Dom ialah endapan skarn sentuh lainnya, tapi mineralogi
bijihnya mempunyai banyak persamaan dengan endapan
Ertsberg. Pada bidang datar, bentuk tubuh bijihnya seperti
segitiga yang di bagian tengahnya diterobos oleh diorit tanpa
mineralisasi.Seperti pada kedua endapan yang dibahas
terdahulu. Kompleks Dom juga sedikit banyak mengalami
breksiasi. Mineral tembaga yang utama ialah kalkopirit
dengan digenit dan konvelitsebagai ubahan tepi (alteration
rim). Mineral tembaga oksidanya termasuk malakhit, limonit
pitch, dan delafosit/fenorit
Dalam skarn garnet, mineral tembaganya terdapat sebagai sebaran, isian retakan dan rongga, dan
bagian tepi dari garnet yang terbentuk kemudian. Dalam skarn magnetit yang menggantikan breksi
patahan sentuh dan skarn silikat-gamping, terdapat sebagai isian retakan dan rongga sebaran, dan
penggantian foraminifera besar dan bidang perlapisan . Elektrum dan jejak (trace) emas murni hanya
terdapat dalam jumlah kecil sebagai inklusi dalam sulfida tembaga. Suatu Zona yang teroksidasi
supergen terdapat di bagian atas dan juga terbentuk lapisan tipis ke bawah yang mengikuti struktur.

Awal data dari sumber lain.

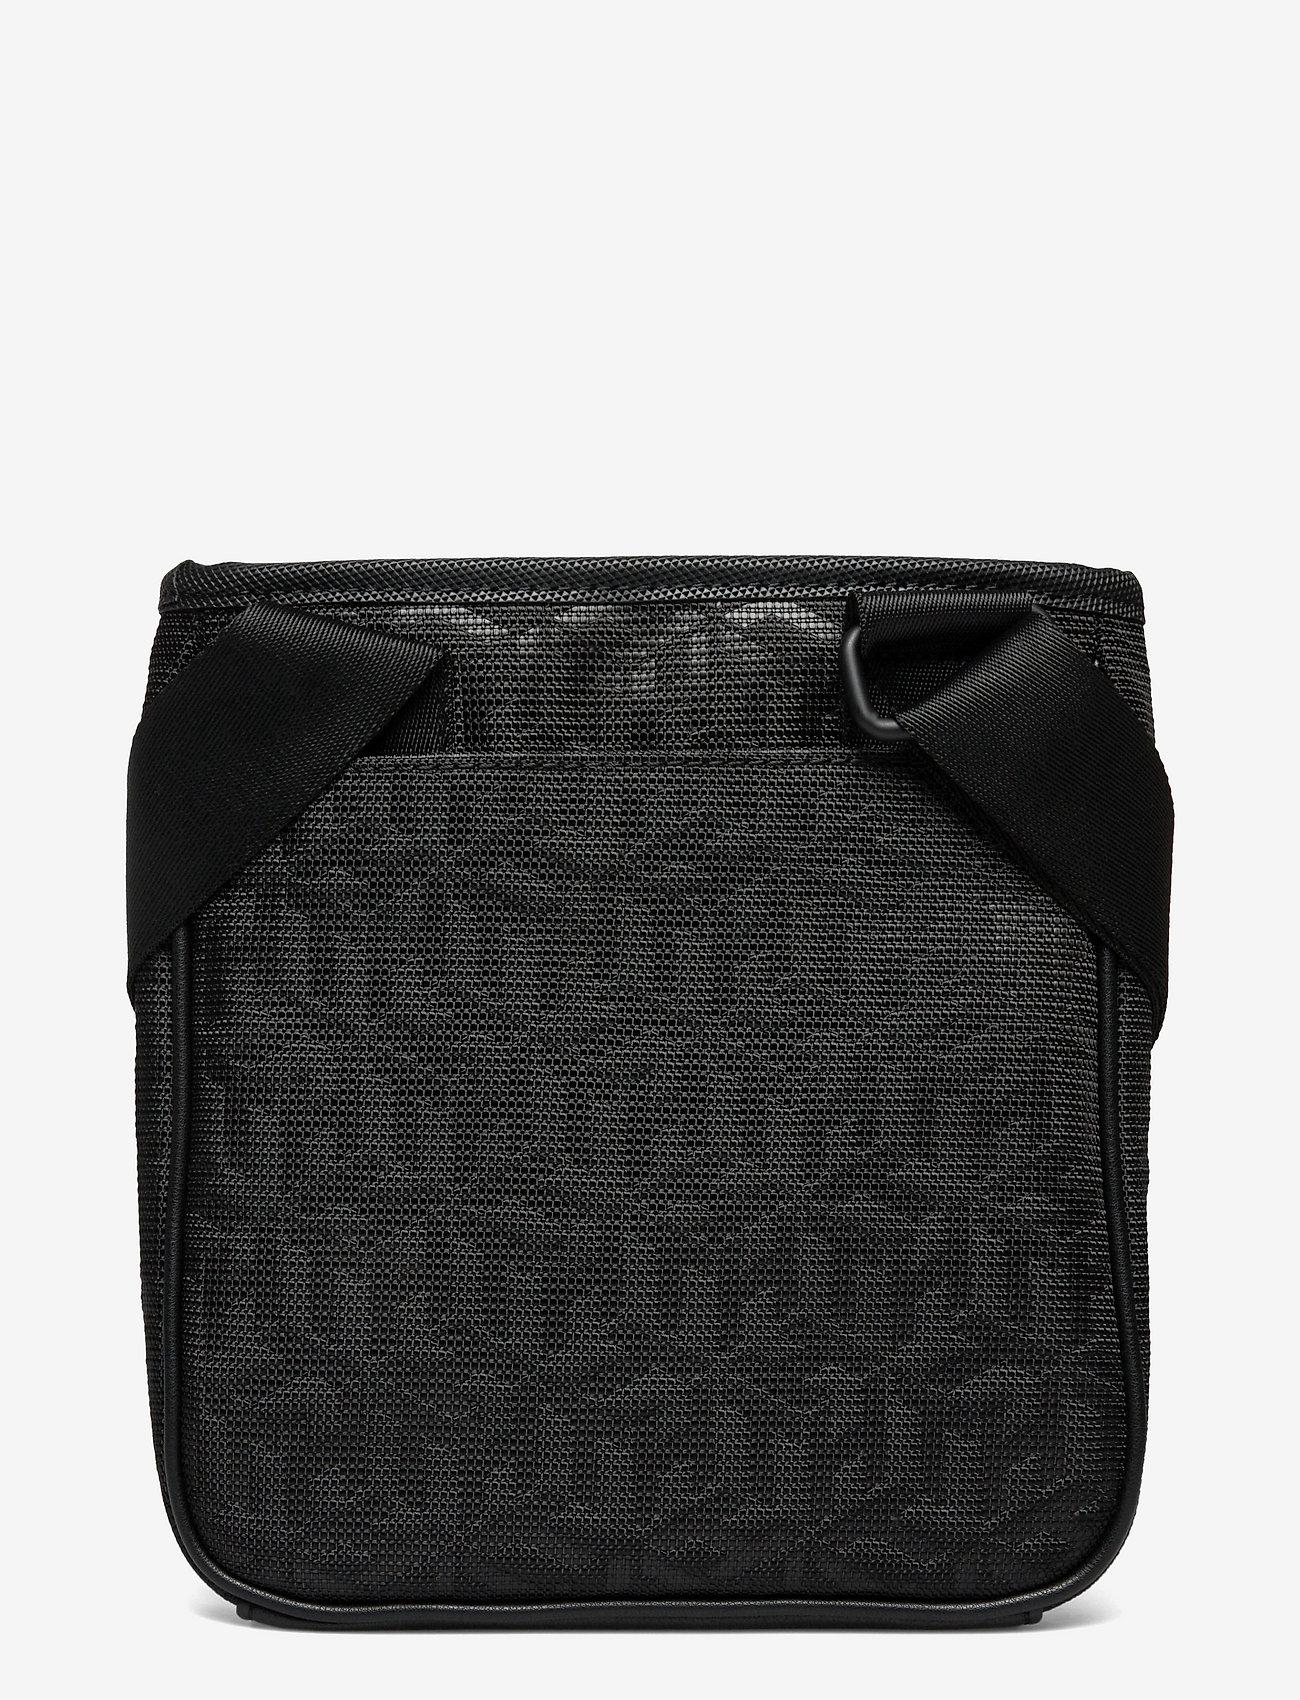 Tommy Hilfiger - ELEVATED NYLON MINI CROSSOV MONO - shoulder bags - black monogram - 1

Cadangan endapan bijih Dom berjumlah 31 juta ton dengan kadar rata-rata 1,5% tembaga dan 0,4
gram/ton perak.

Endapan Cu-Au porfiri Grasberg terbatas dalam zona silikasi


berbentuk stockwork di dalam diorit Grasberg yang sebelumnya
telah mengalami ubahan potasik. Tubuih bijih tersebut hanya
sekitar 10% dari keseluruhan luas permukaan diorit Grasberg,
dan terletak sedikit diluar pusatnya.Bentuknya seperti silinder
yang mencapai kedalaman sekitnya 800 meter dari permukaan,
dan bentuk datarnya menyerupai tapal kuda
Diorit Grasberg menerobos batugamping formasi Ainod dan Faumai yang terlipat kuat. Beberapa
intrusi kecil kemudian yang terbentuk seperti penyumbat (plug) tampaknya serupa dengan diorit
grassberg, tapi tidak sama betul dalam komposisi mineral dan ubahannya. Sikuen ubahan
hidrotermal pada kompleks diorit Grasberg, merupakan ciri khas untuk endapan tembaga yang
kaya dengan emas, yaitu silisifikasi, potasik, propilitik, dan deuterik. Mineral sulfida termasuk pirit,
kalkopirit, bornit, digenit, dan kovelit. Kalkopirit terdapat terutama sebagai isian retakan dan urat
yang kadang-kadang hampir murni dalam stockwork kwarsa. Ditempat yang lebih dalam digenit
dan kovelit terdapat sebagai ubahan bagian tepi disekeliling kalkopirit. Berdasarkan hasil
perhitungan cadangannya berjumlah 485 juta ton dengan kadar rata-rata 1,59% tembaga 1,78%
gram/ton emas, dan 4,49 gram/ton perak.